Much better expositions of game theory soon would appear. Perhaps the clearest example of how things had changed with the growth of knowledge is “Poker Strategy: Winning with Game Theory” a 1981 book by MIT mathematician Nesmith Ankeny. Where McDonald’s original essay on poker had been philosophical, verbal, open-ended, Ankeny’s apoproach was concise, statistical, closed — a system that could be taken to Las Vegas and played. (“Do not call the opener with any pair less than Kings.”) Ten years later economists Avinash Dixit and Barry Nalebuf offered an up-to-date tour d’horizen in “Thinking Strategically: The Competitive Edge in Business, Politics and Everyday Life,” complete with a succint definition of Nash equilibrium — given what the other players are doing, none wants to change his own game.

A few years after that, Sylvia Nasar reintroduced Nash — newly honored by the Swedish Academy of Sciences and his schizophrenia in abeyance — to his colleagues in the brilliant biography that became the basis for the film. Even then, the movie got the key thing wrong.
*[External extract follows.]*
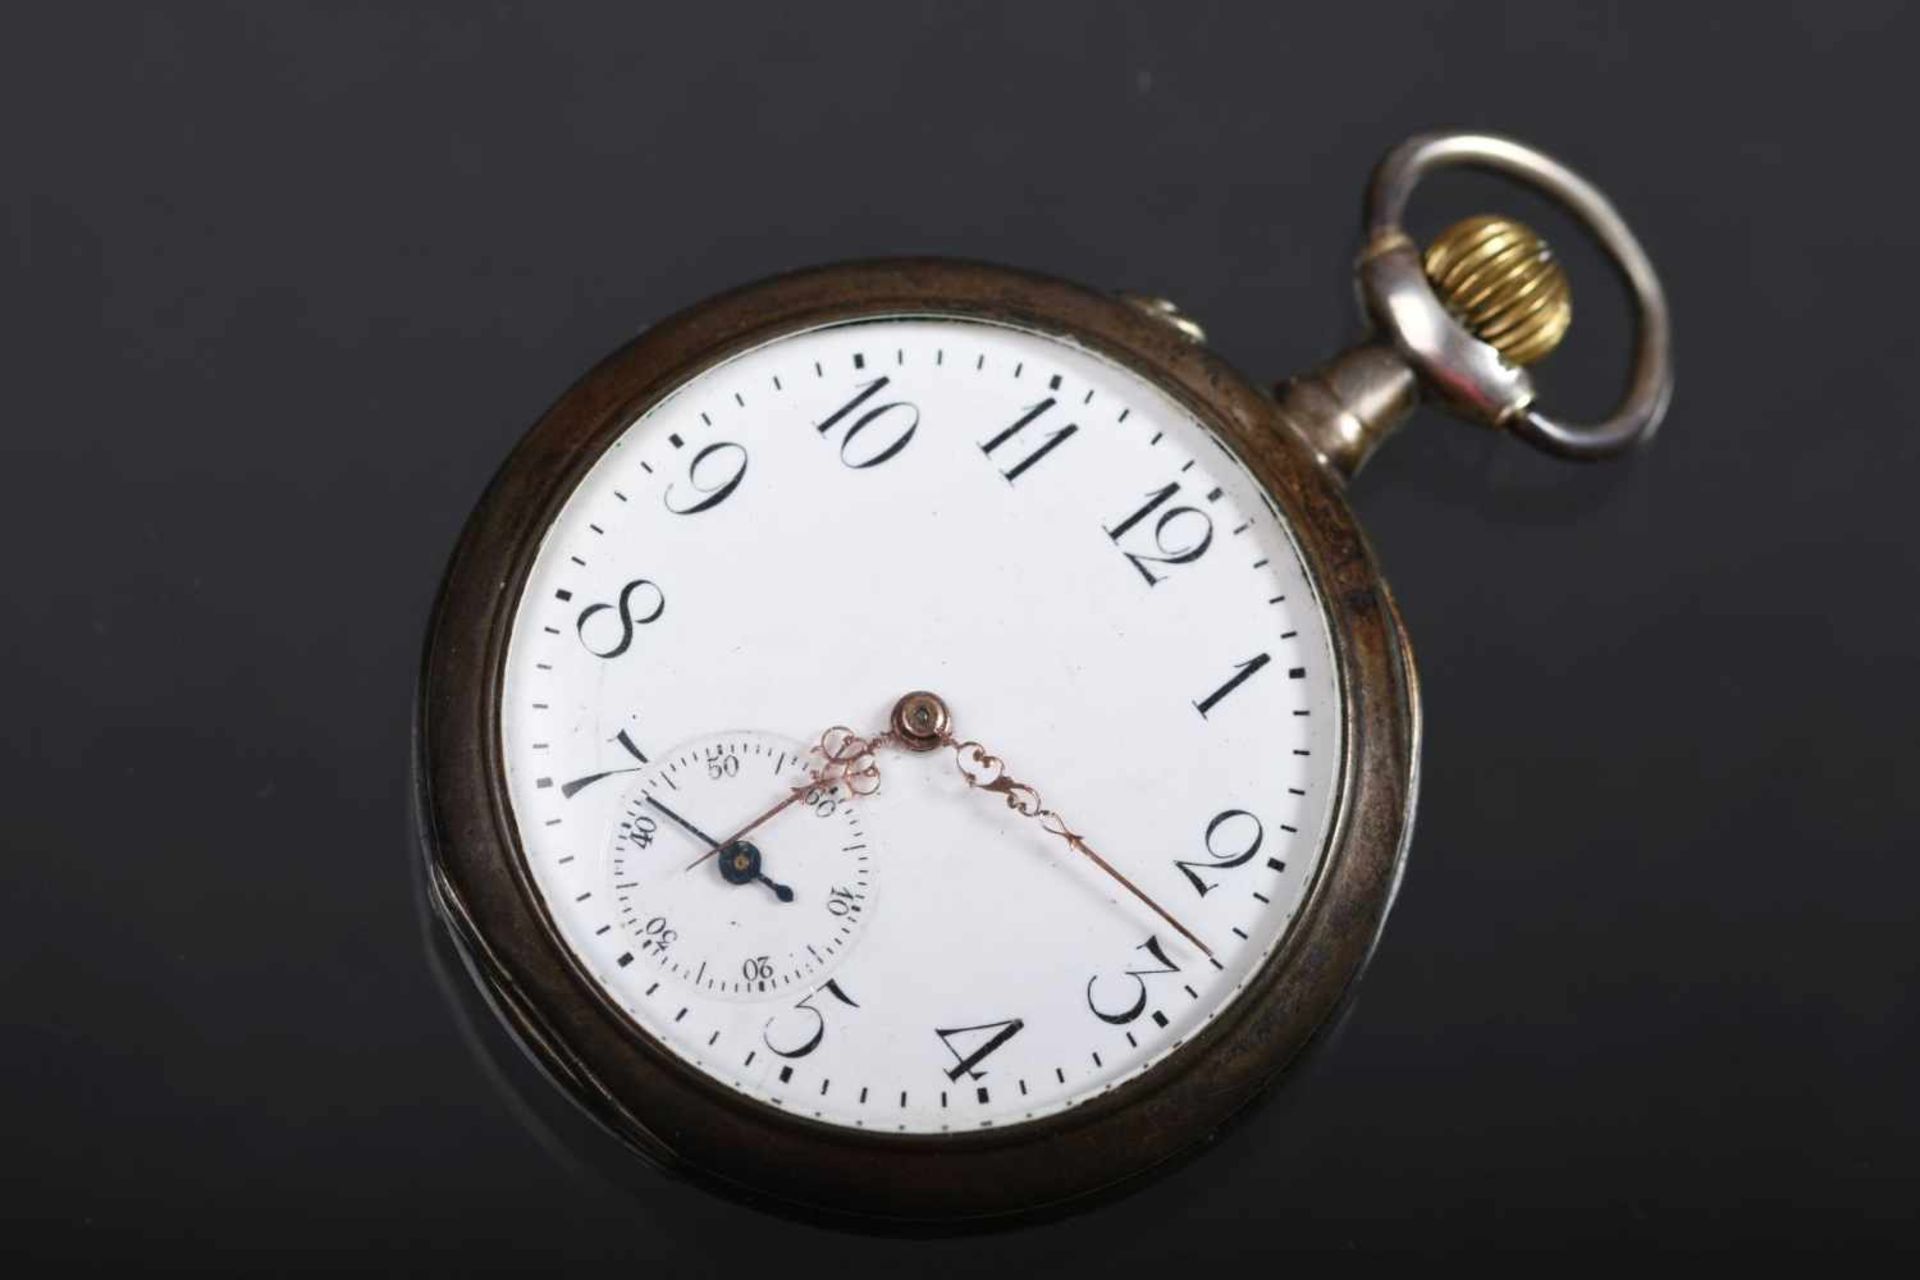 Taschenuhr, um 19102 Deckel Silber 800, arab. Minuterie, Sekunde bei der 6, gebläute Sekundenzeiger.

In a little fable about dating strategies, the I-think-that-he-thinks strategies of the guys assure that the knock-out blonde in a bar doesn’t get a date. That would never happen in a real-life Nash equilibrium; someone would give her a tumble. In a somewhat similar way, McDonald’s 1975 book didn’t have to be as good as his first. It was an unmistakable wake-up call to those who took it to heart that business executives had learned that they could make serious money by thinking deeply about their problems. The mid-’70s were a very good time in which to apply to business school.

The moral is that no single mode of coverage of the social sciences is appropriate. There ought to be a medley at all times. Scientific revolutions occur occasionally. The rest of the time there is normal science. Where once only trespassing mathematicians had dared, today no fewer than eight top economists are working in Princeton on strategy, including Institute professor Eric Maskin. Yet in other fields — in computer science, in biology — the applications of game theory have barely begun.

Indeed, if you went looking for a McDonald-like figure in journalism today, someone reporting the discovery of new intellectual continents, you might find Matt Ridley. The former science editor of London’s Economist is the author of three books on evolutionary biology — “Genome,” “The Evolution of Virtue” and “The Red Queen: Sex and the Evolution of Human Nature” — and of a pretty good account of the 1988 American presidential campaign as well. On the other hand, if you wanted news about economics going forward, filling in the contours of the map that Von Neumann, Nash and the others sketched with high excitement in the late ’40s and early ’50s, you’d look elsewhere. You could do worse, for instance, than to continue to read Economic Principals.